12 Millionen D-Mark: Das Lösegeld aus der Oetker-Entführung konnte vollständig geborgen werden. Bild: Reuters

Obwohl der Staat im Kampf gegen die Geldwäsche immer weiter aufrüstet, müssen Kriminelle kaum mit Verurteilungen rechnen. Wie sich Verbrechen anscheinend doch lohnt.

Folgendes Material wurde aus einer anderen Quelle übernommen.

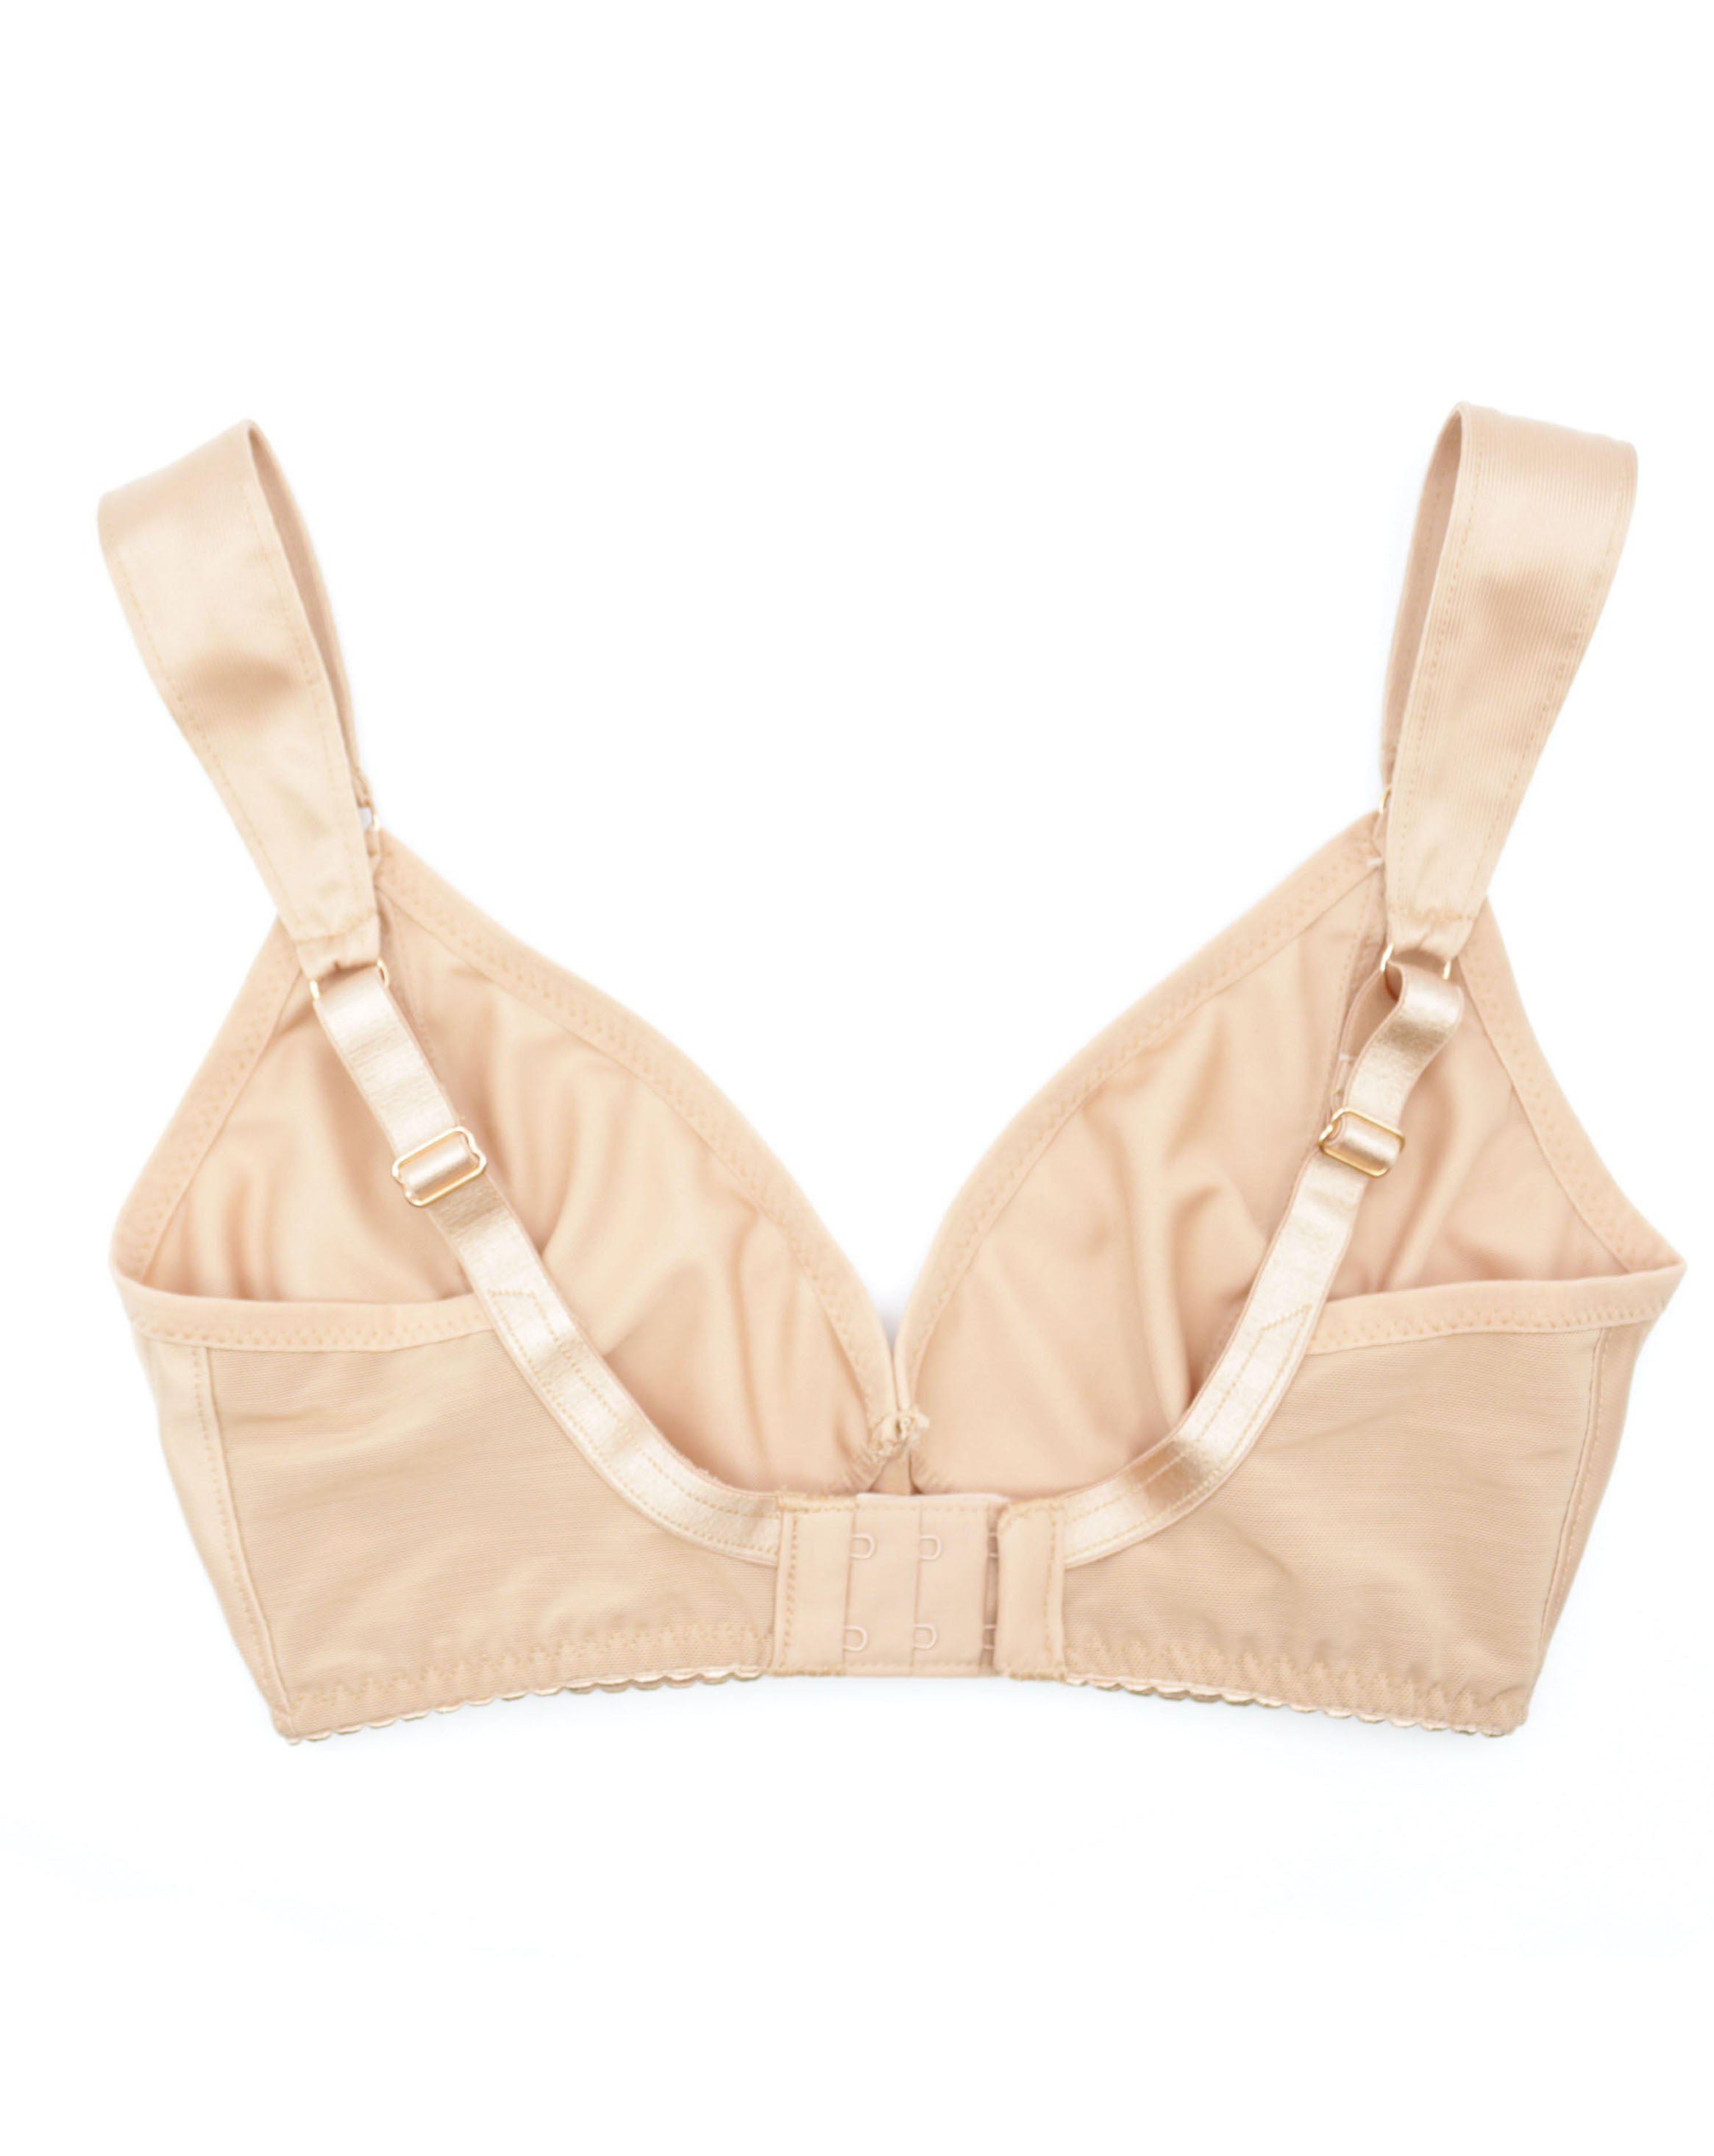 Solid satin bralette. Made in Canada

          „Verbrechen lohnt sich doch“, mag sich Thomas Drach denken. Der Entführer des Hamburger Tabakerben Jan Philipp Reemtsma geriet zwar in die Fänge der Justiz und musste im Gefängnis schmoren. Doch mittlerweile ist er abgetaucht und soll von dem Lösegeld, das er vor genau 20 Jahren eingestrichen hat, ein Luxusleben führen. Auch der Betrüger Manfred Schmieder, der Banken auf der ganzen Welt um fast 5 Milliarden D-Mark betrog, versteckte seine Beute so geschickt rund um den Globus, dass die Staatsanwaltschaft offenbar bis heute längst nicht das gesamte Vermögen aufgespürt hat.

          Kein Wunder, dass der Staat im Kampf gegen die Geldwäsche immer weiter aufrüstet: Die EU hat schon ihre vierte Richtlinie hierzu verabschiedet; die Europäische Zentralbank will den 500-Euro-Schein abschaffen und die SPD-Bundestagsfraktion eine Obergrenze für Bargeldzahlungen einführen. Doch all der bisherige Aufwand scheint kaum Erfolg zu haben: Knapp 25.000 vage Hinweise gingen beim Bundeskriminalamt (BKA) im Jahr 2014 ein, das mit seiner Financial Intelligence Unit die deutsche Zentralstelle für solche Meldungen ist; die Hinweise kommen zu 87 Prozent aus Banken. Bloß 1272 ernsthafte Verdachtsfälle verzeichnet die Polizeiliche Kriminalstatistik für denselben Zeitraum. Und die Zahl der tatsächlichen Verurteilungen liegt noch niedriger – sie geht in der Strafverfolgungstabelle des Statistischen Bundesamtes in einer Sammelrubrik unter.

          Wenn die Justiz doch mal jemanden erwischt, so berichten Staatsanwälte, sind es meist „kleine Fische“, etwa eine Sozialhilfeempfängerin aus Bautzen, die gegen Beteiligung ihr Girokonto Kriminellen zur Nutzung für Überweisungen zur Verfügung stellte. „Der Finanzagent als Geldkurier des Betrügers – vornehmlich im Zusammenhang mit Phishing-Attacken – ist das große Massenphänomen bei den eingegangenen Verdachtsmeldungen“, stellt das BKA nüchtern fest. Mit anderen Worten: So werden Täter gefasst, die Passwörter geknackt oder nicht vorhandene Waren auf Ebay versteigert haben, nicht aber Schwerverbrecher wie etwa die Hintermänner von Drogen- oder Schleuserbanden oder terroristische Bombenbastler.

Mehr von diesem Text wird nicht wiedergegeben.